[[ Data supplied, beginning ]]

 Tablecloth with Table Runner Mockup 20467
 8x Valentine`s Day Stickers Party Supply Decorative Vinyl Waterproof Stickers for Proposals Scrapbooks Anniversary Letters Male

[[ Data supplied, end ]]
[[ Data supplied, beginning ]]

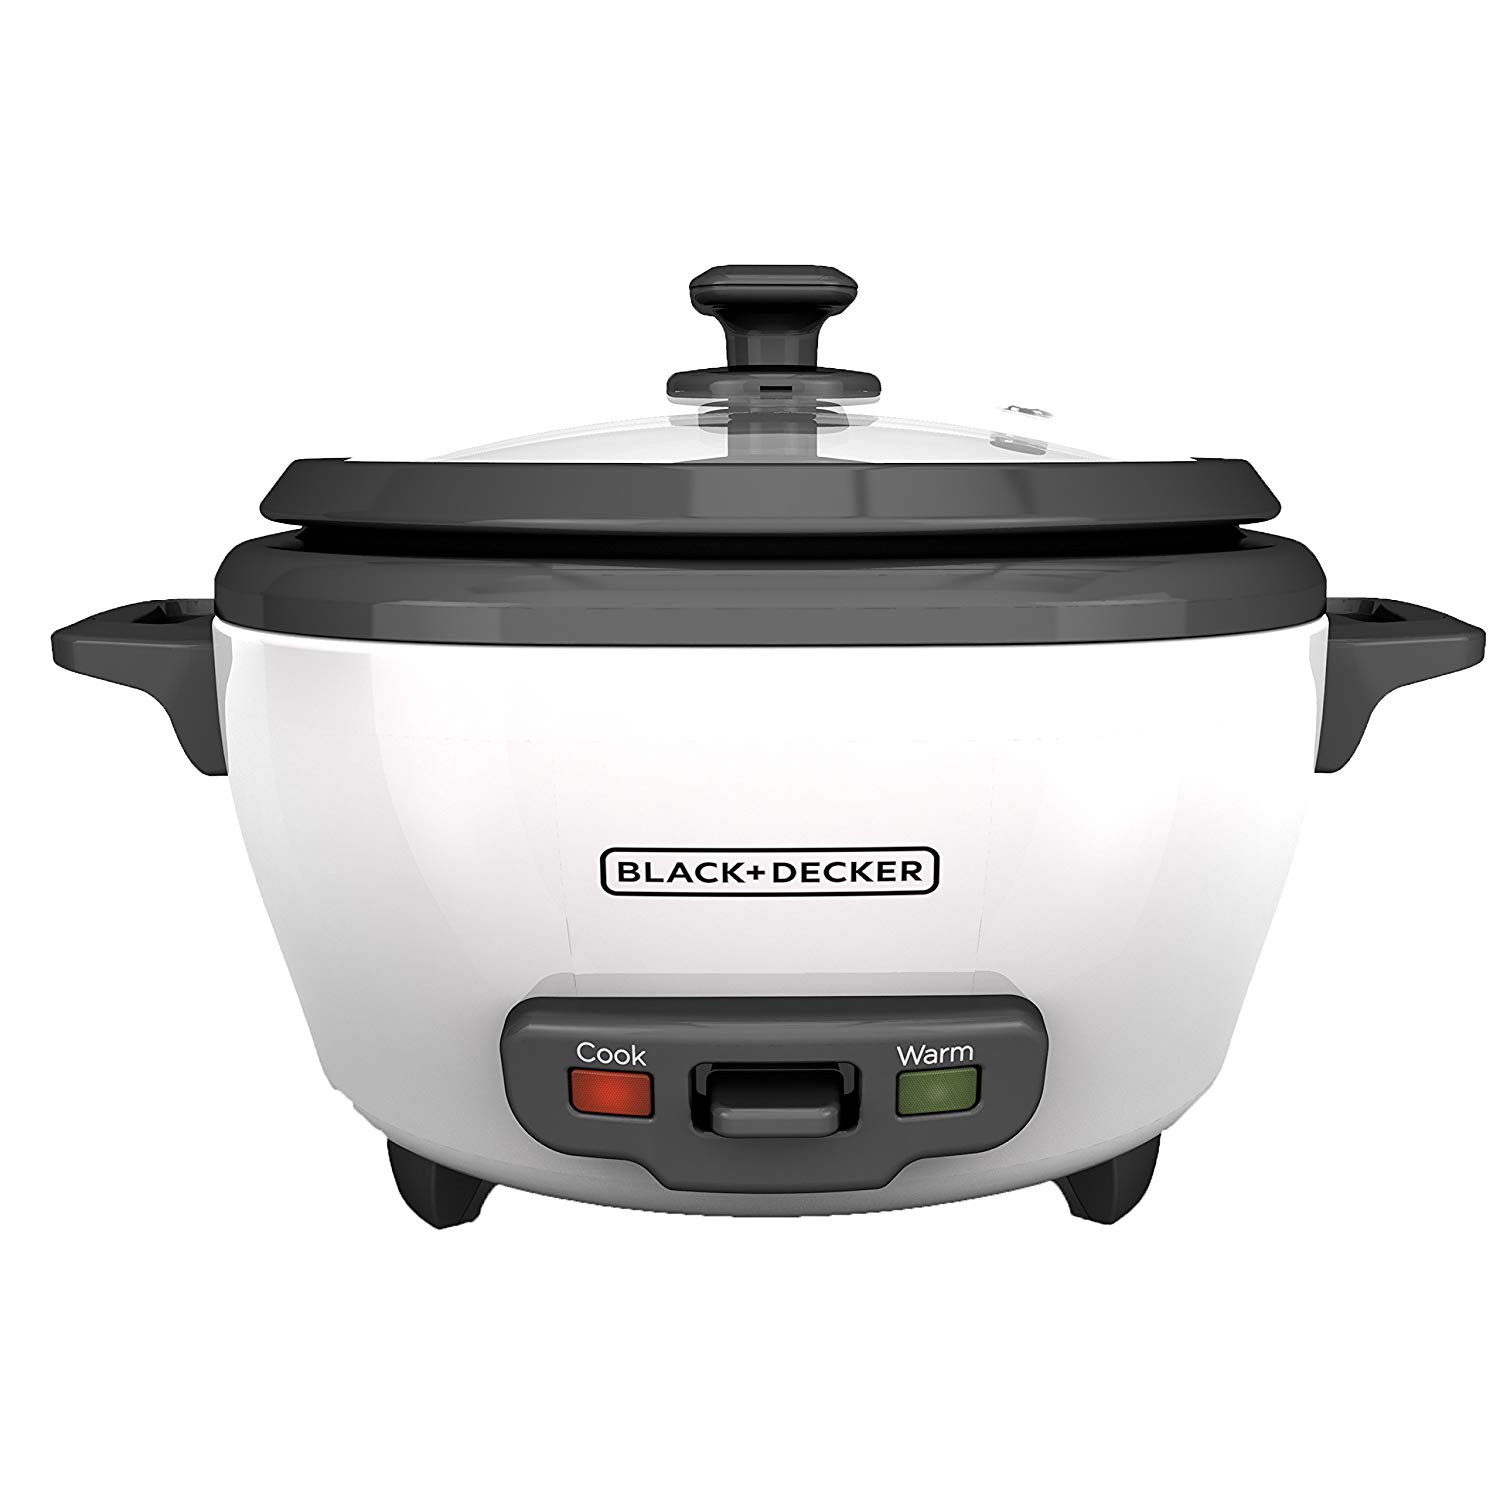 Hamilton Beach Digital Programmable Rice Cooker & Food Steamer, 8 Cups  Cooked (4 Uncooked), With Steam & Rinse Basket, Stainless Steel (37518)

[[ Data supplied, end ]]
[[ Data supplied, beginning ]]

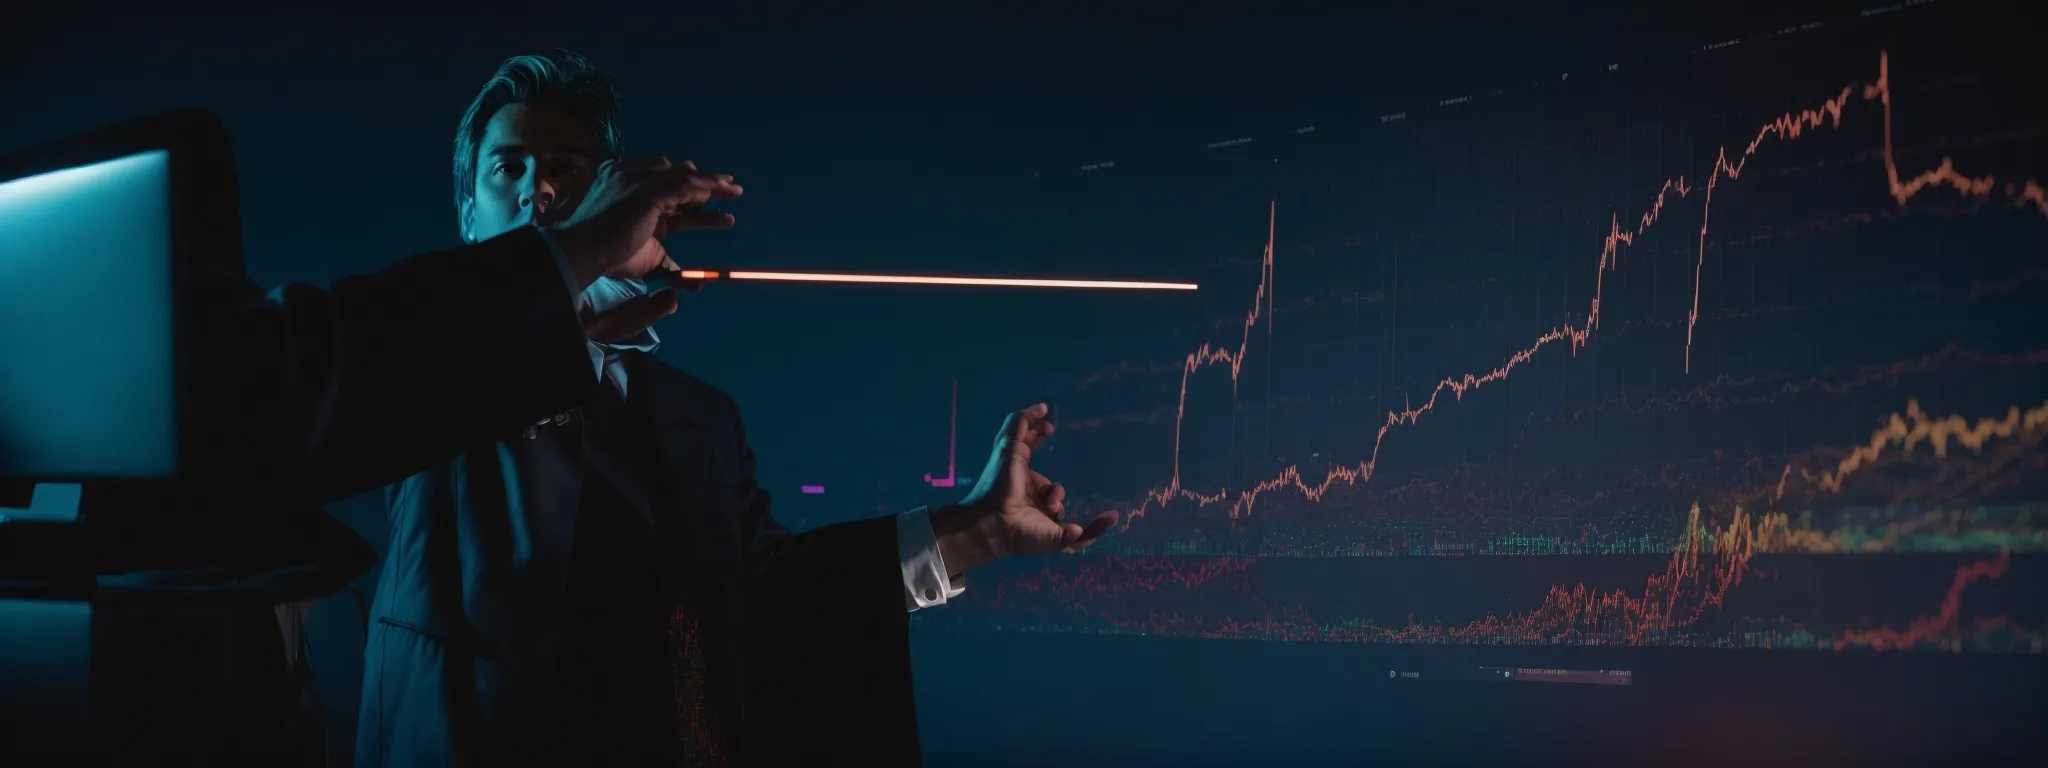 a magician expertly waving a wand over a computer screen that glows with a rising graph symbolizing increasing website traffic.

[[ Data supplied, end ]]

◆ Task directions: From the entries above, return exactly the line containing "Tablecloth with Table Runner Mockup 20467", the line containing "Anniversary Letters Male", and all lines between, and nothing else.

◆ Exercise solution:
 Tablecloth with Table Runner Mockup 20467
 8x Valentine`s Day Stickers Party Supply Decorative Vinyl Waterproof Stickers for Proposals Scrapbooks Anniversary Letters Male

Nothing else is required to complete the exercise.